In her essay, Fleur Jongepier, who works in ethics, compares Bob Dylan and Iris Murdoch’s notions and practices in relation to “unselfing,” a process in which one experiences through self-expression that there is something else in the world that is real apart from oneself. It is practicing “unselfing through selfing,” which is an important point of Murdoch’s philosophy, that can be found in Dylan as he expresses himself through characters of his songs like Jimmy Reed, Johnny in the Basement, or Franky Lee, and arrives at a spiritual unselfing comparable to a Buddhist experience (205). It’s an intriguing thought that sheds new light on Dylan’s steady moving between characters and roles as thematized in Todd Haynes’ film, I’m Not There (2007) (206).

 

Another artist Dylan is compared to is Pablo Picasso. The art historian Ray Foulk, who specializes in modern art, discusses the differences in Dylan’s and Picasso’s significance and breakthroughs. Picasso contributed to a renewal of the realm of art with one stroke – cubism – while Dylan’s revolutionary impact had to do with stages: first he renewed folk music and then he went electric. But both became seminal.
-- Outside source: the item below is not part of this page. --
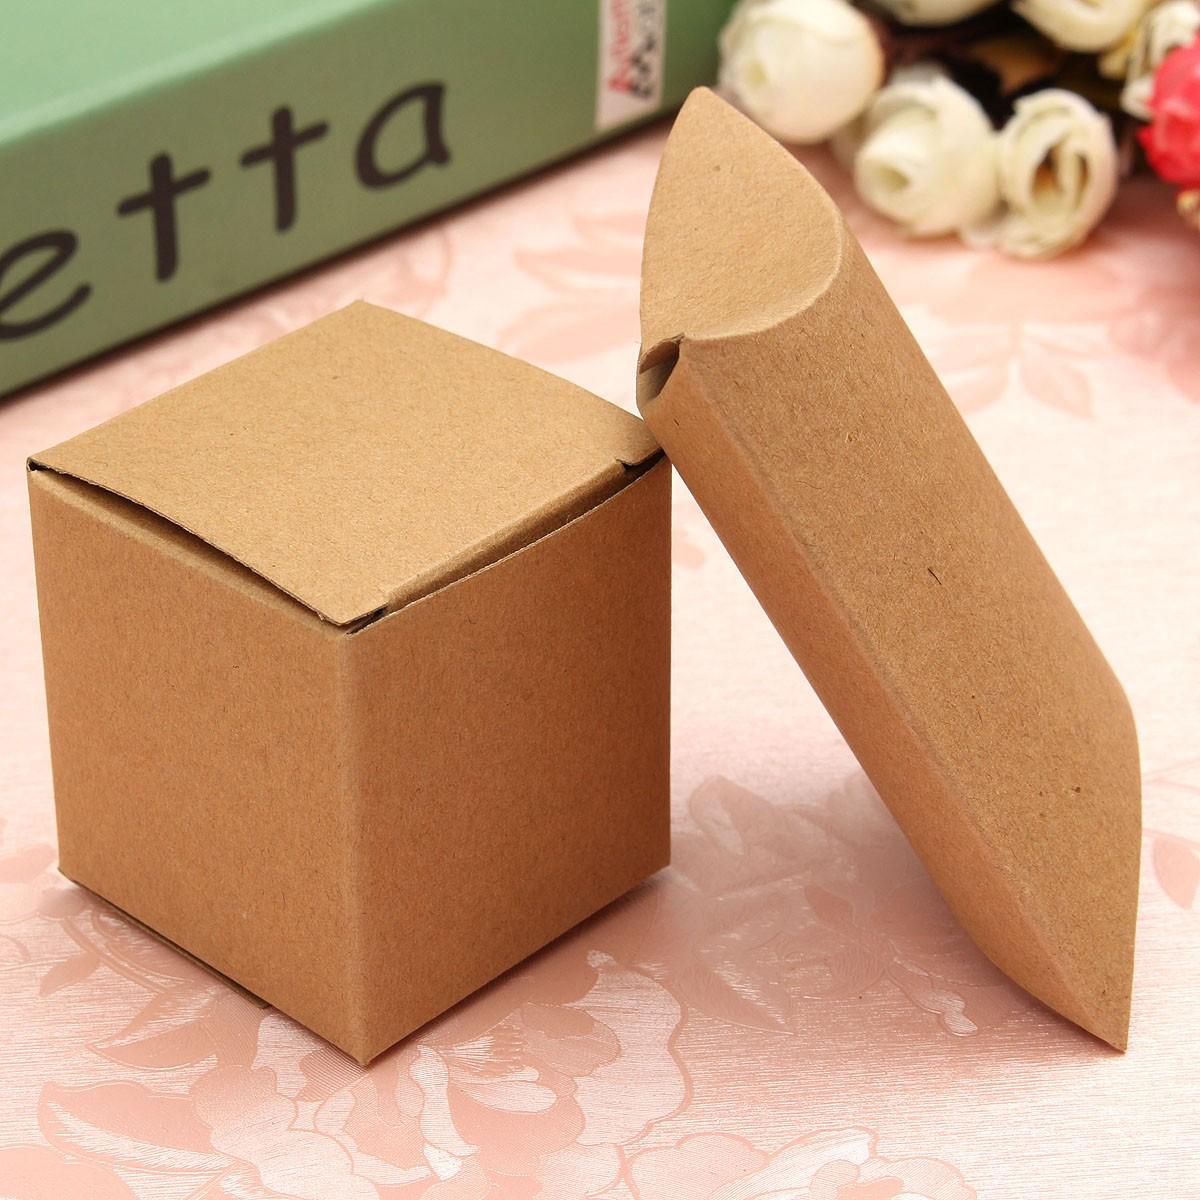 Wedding Gift Boxes Singapore : ... 12 Brown Card Gift Pillow Box Boxes Wedding FavourWholesale Party Box

Foulk also discusses the two artists’ relationship with God and their inclusion in other arts: film, acting, and photography. The interest in the two artists illuminates the transformative power of their work.

 

Natalie Ferris takes a closer look at Dylan’s visual art, especially his major works in iron. She emphasizes that iron as a material has always interested Dylan and characterizes some of his gates created out of industrial iron waste. She points out the gates are tributes to craftsmanship, but that they also mark a transition from a modern industrial culture to a more uncertain future. This is neither modernism or postmodernism – rather, the artwork marks transitions while also referring to a non-place, standing both inside and outside without being fully either. Ferris considers why Dylan has sold a very large iron portal to a casino in Washington, D.C., observing the portal marks the transition from a universe governed by one logic to a universe with a different logic. The portal protrudes from the smooth marble surface and the delicate colors at the casino’s entrance.

 

The editors for this project, Dylan at 80, have engaged innovative writers who demonstrate that Dylan’s oeuvre is a growing field of research. Dylan’s unflagging productivity constantly puts new material on the table, and it is seized upon by many kinds of writers and Dylanologists. There are many great new ideas in this anthology that readers will want to hear much more about, and the mix of memoirs with analytical articles works well. It is promising that so many knowledgeable and committed people seek out Dylan’s work, draw comparisons to other artwork and poetry, and show their enthusiasm. I would have liked to have heard more about Dylan as a performer and about his involvement in films. It would also be interesting to look at how the different arts he engages in work together. Is there an interaction between, say, painting and songwriting, or are these isolated endeavors? Dylan’s involvement in advertising, too, could merit closer analysis. All the same, Dylan at 80 is a rewarding anthology that I’ll come back to and work on, a formidable inspiration for anyone preoccupied with Dylan, and an obligatory work on the list of books I would recommend on my own personal never-ending lecture tour.